RBE for monoenergetic ion beams in the limit of full survival level (upper row) and 10% survival level (lower row) vs. LET for experiments with shouldered (left column, α/β = 1–4 Gy) and less shouldered (right column, α/β = 4–30 Gy) photon dose–response curves. The colors refer to different ion species (p: red; He: blue; C: gray; Ne: orange; heavier ions than Ne: green). Note the different scales of RBE in the upper and lower row. Clearly, lighter particles show a maximum at lower LETs and have higher RBE values for a given LET.

LET dependence of β

There is an on-going discussion about the evolution of the β-term with increasing LET [101], debating whether β increases or decreases with rising LET. The ratio β/βγ, where βγ denotes the value of β for photon radiation, is an interesting quantity to look at because, at low LET where the radiation becomes photon like, this ratio converts to one.
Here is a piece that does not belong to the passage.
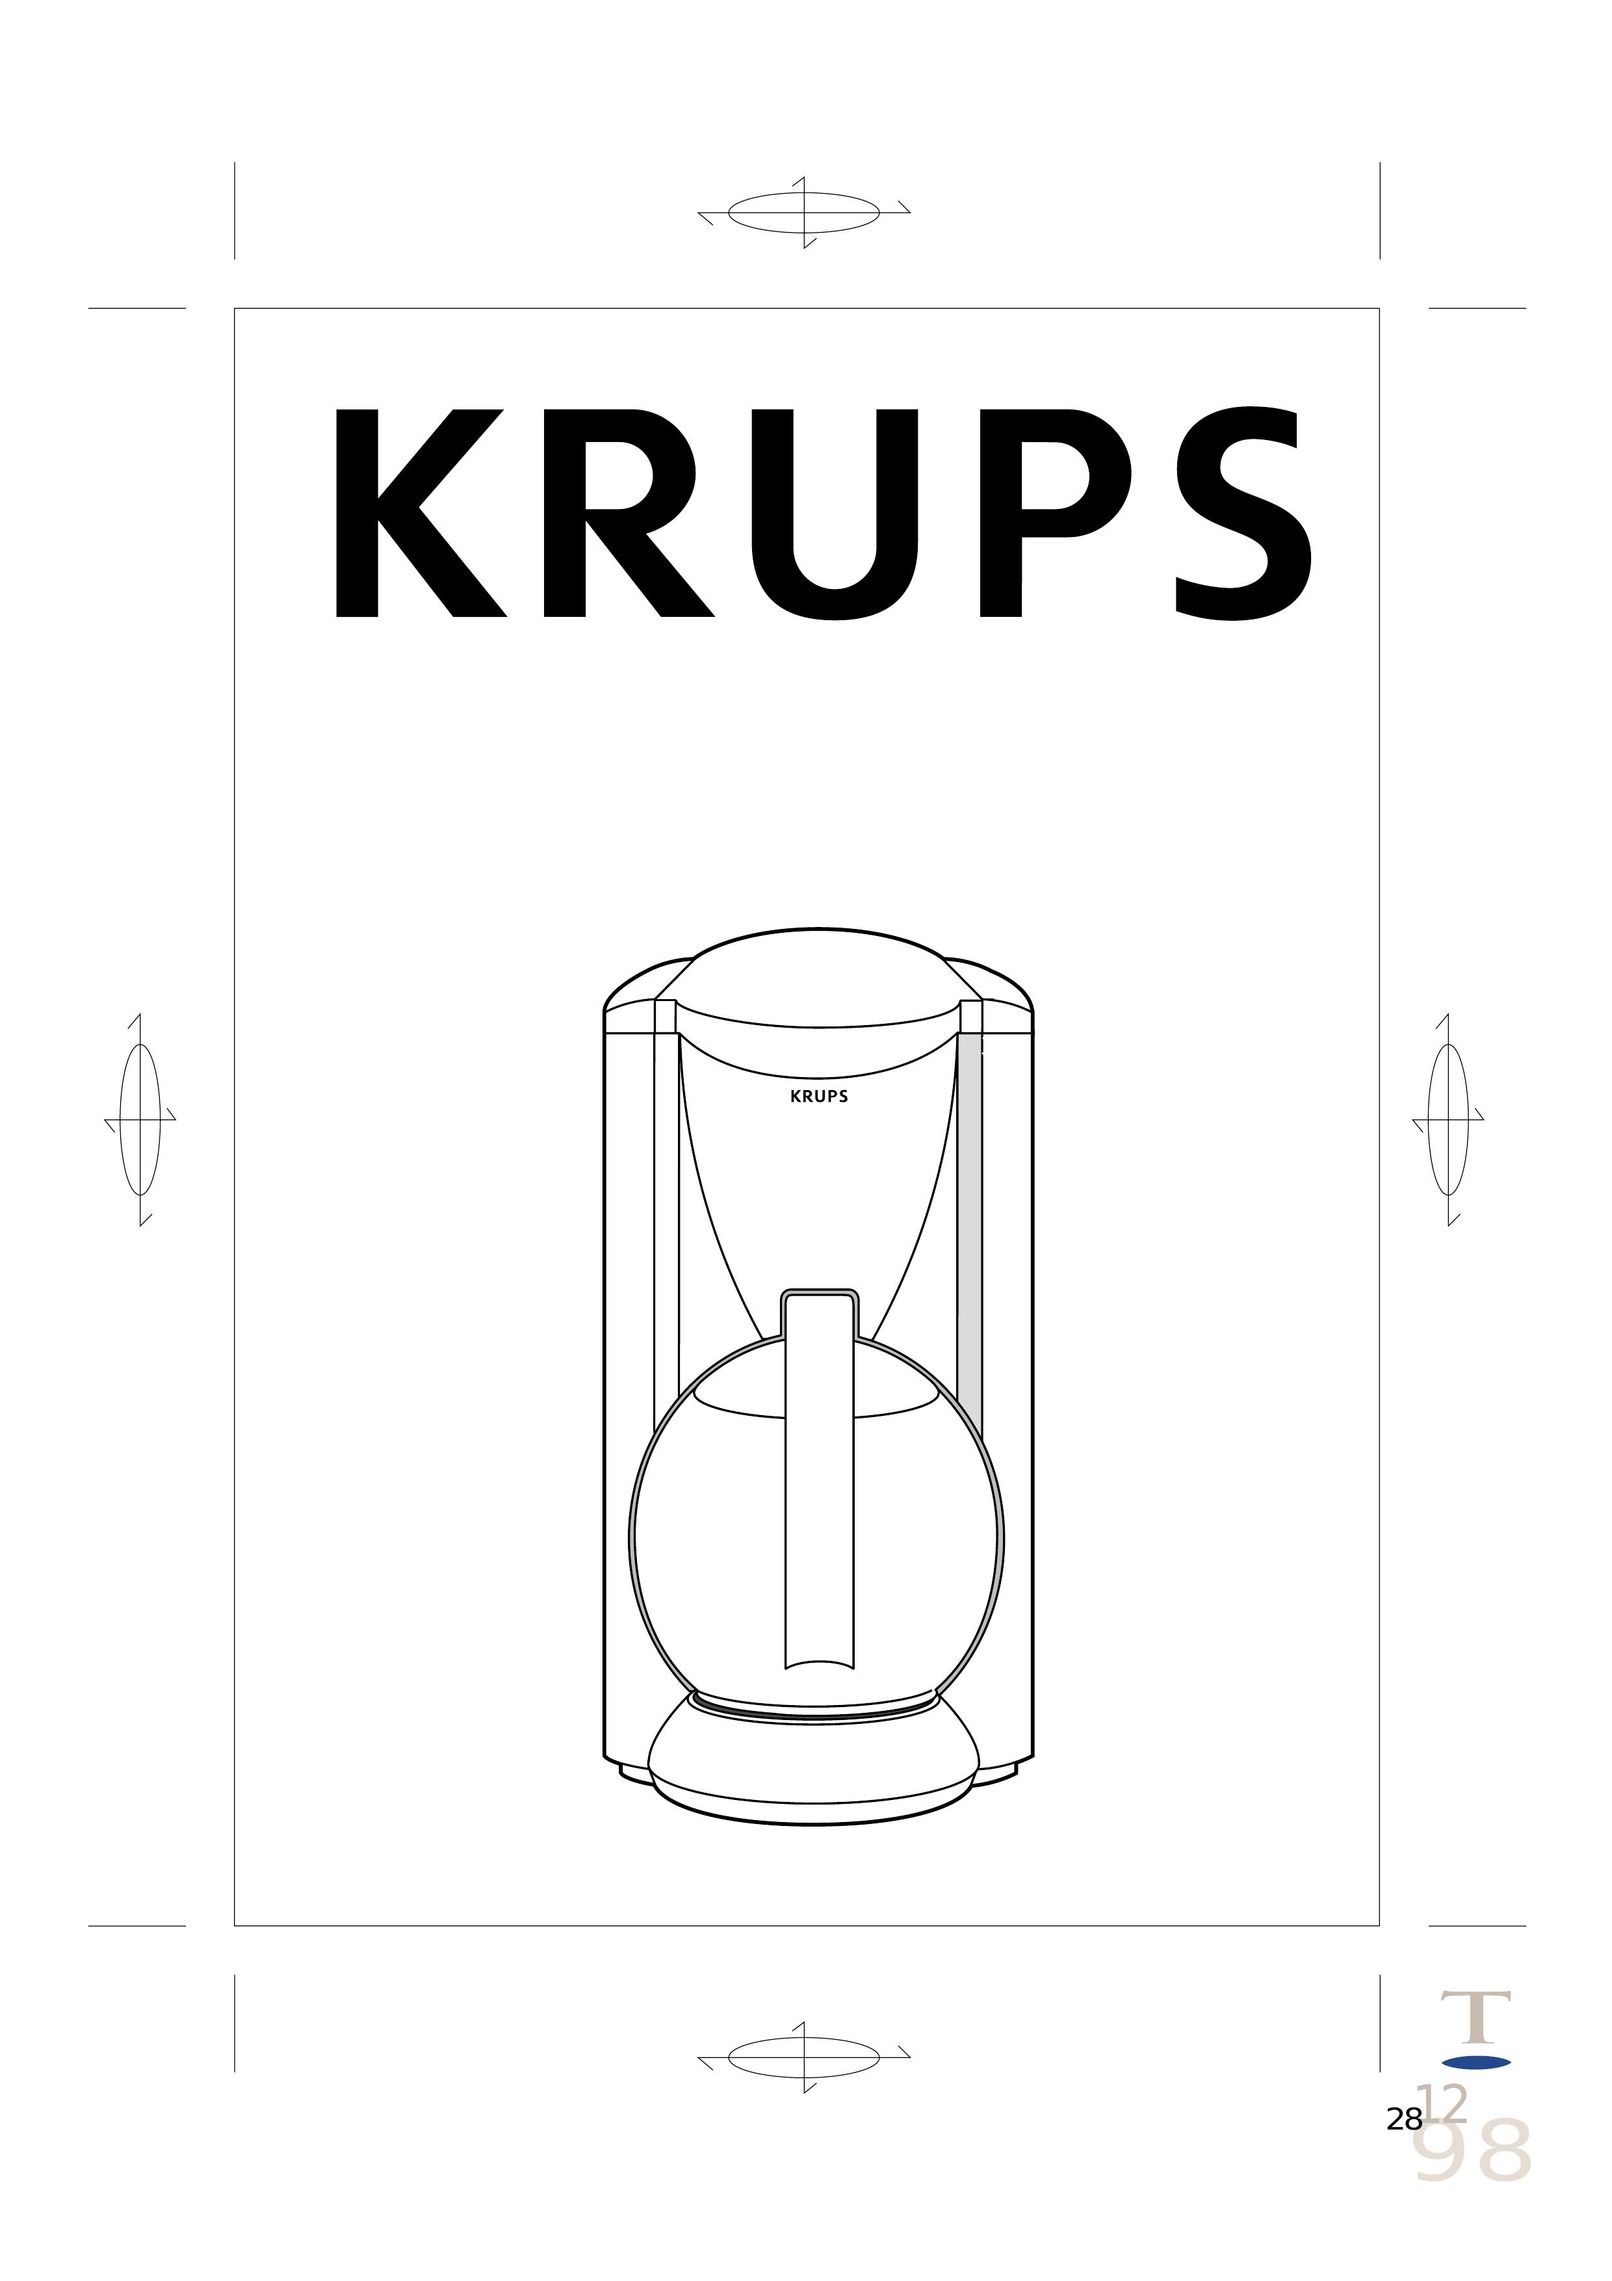 Krups 466 Coffeemaker User Manual

In Fig. 5 this ratio is plotted against LET for monoenergetic ions. The figure includes different ion species with the same colour coding as in Fig. 4.

Fig. 5.

Ratio of the linear-quadratic parameter β of ions to that of photons vs. LET for monoenergetic ions for different ion species with color coding as in Fig. 4. The solid lines are running averages generated by a convolution of the data points with a Gaussian function of width of 0.1 in the decadic logarithmic scale of LET values in keV/µm (i.e. a tenth of the interval between 10 and 100 keV/µm, see the black horizontal bar for an indication of that width). Lighter particles show a vanishing β at lower LET.

The data shown are pooled for all photon α/β ratios, and it was checked that in contrast to the α term β depends only slightly on α/β. For intermediate and high LET values many data show a vanishing β term. For all ions a running average curve is also provided in the plot. It was calculated by summing contributions from all data points with a Gaussian weighting, i.e. for a given LET the running average is mostly determined by data points close to that LET (on the logarithmic scale), while data points further away have a smaller impact on the running average. The general trend, an increase at low LETs followed by a decrease at higher LETs, is obvious and is seen for all ion species except for protons, where the initial increase is not that obvious. Similar to the RBE maximum, the falloff for β is shifted to higher LET values for heavier ions. However, it should be noted that the fluctuations of the data points around these average curves are huge, as usually β is much harder to fix in a fit procedure than α.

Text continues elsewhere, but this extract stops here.